OK. My PO4 was at 2 ppm when I did a test after a water change. Nitrates at about 6 ppm. CO2 was at about 15 ppm. I dosed 20 ml traces and 40 ml of KNO3. Does that sound about right for now? I am working on getting CO2 up a little higher. I added a third bottle to my DIY setup and refreshed one of the original bottles. I guess I will see what happens.


----------



## molurus73 (Apr 15, 2005)

I am not dosing phosphates yet because mine are high enough naturally. Should I be dosing any K2SO4 - potassium sulfate? I am going to work on reading and understanding the EI method by Tom Barr. I like not needing to test all the time.


----------



## MatPat (Mar 22, 2004)

The dosing sounds good. I don't see a need to add any PO4 since your levels are already 2ppm. I would do it next week though. You may want to add a little K2SO4 to the tank. You probably don't need the K2SO4 right now. 

Normally you add enough K to the tank with KNO3 and KH2PO4. Once you get the CO2 in the 30ppm range and steady, you may want to look at adding some K2SO4 to the tank. The K2SO4 dosing comes into play for those times when you don't need to add KNO3. 

I would probably split up the Traces into two doses next week...10ml on say Sunday (assuming you do a water change on Saturday and add KNO3 or KH2PO4 on Saturday) and another 10ml on Wednesday.


----------



## molurus73 (Apr 15, 2005)

Ask and yee shall receive. CO2 was at 60 ppm today. Fixed that real quick. I only dosed 20 ml to get it started. Good news is my JBJ regulator will be here on Thursday. I have officially converted. Thanks for everything. After everything grows out a bit, I will tackle the algae issue. I am sure you will hear from me a lot more.


----------



## MatPat (Mar 22, 2004)

Whoa, 60ppm with DIY? That's pretty cool. How many bottles did you put on the tank? Not to burst your bubble, but keep an eye on the CO2 levels. That may be an initial spike in the CO2 production and it will probably die down some. Which is a good thing because 60ppm is pretty high. Are the fish doing well?
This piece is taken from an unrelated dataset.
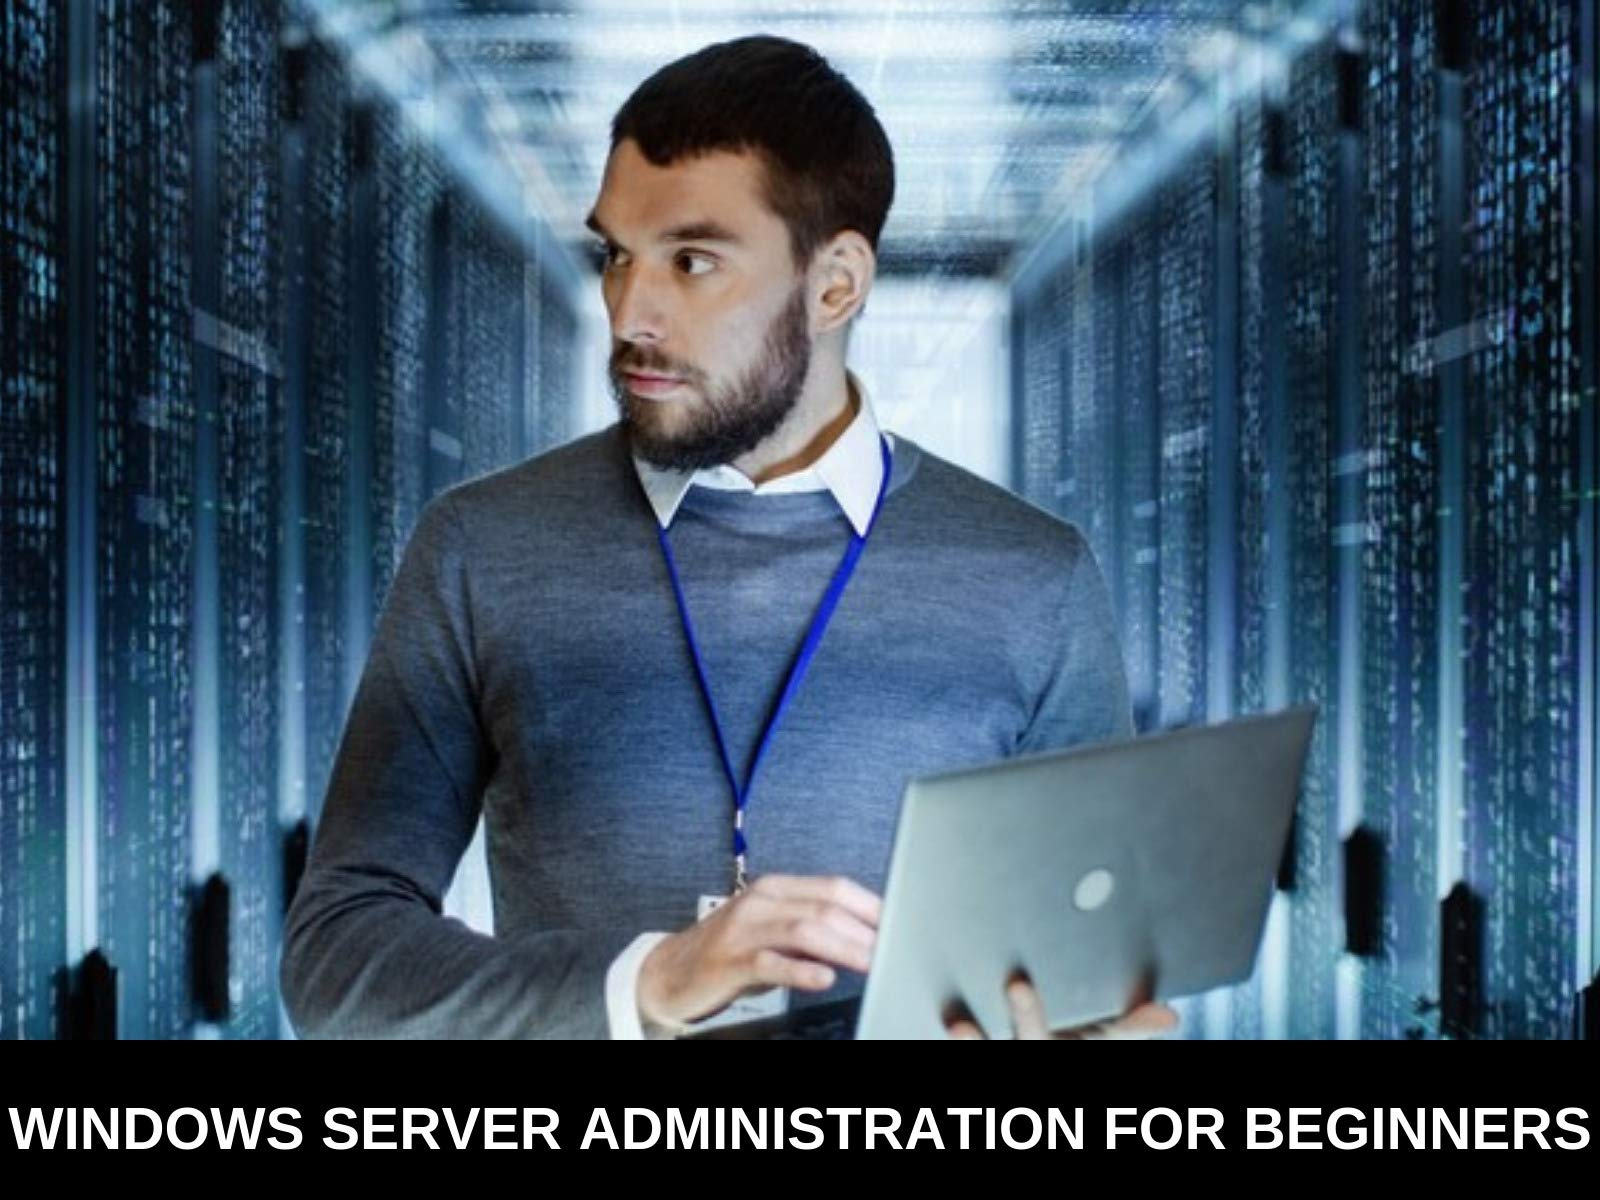 Windows Server Administration For Beginners on Amazon Prime Video UK

Glad to hear about the regulator. Did the financial advisor OK the expenditure or doesn't she know about it  I am assuming you got a CO2 tank also...

Don't wait to tackle the algae...hit it hard the moment you find it. The faster you attack it, the faster it will go away. If you need help setting up the regulator, let me know. I don't live too far away...


----------



## molurus73 (Apr 15, 2005)

She doesn't know about it yet. She knows about the money I had in my paypal account, just not what i used it on. I may come a callin about setting everything up and the algae thing. We will see. 

That was an initial spike. That was with 1 bottle about 5 days old and 2 bottles brand new. I just removed one bottle and positioned the spraybar to agitate the surface. Since I should have a pressurized setup by this weekend, I wasn't too worried about taking that bottle off. The fish are fine now, but there were a few that I was worried about.


----------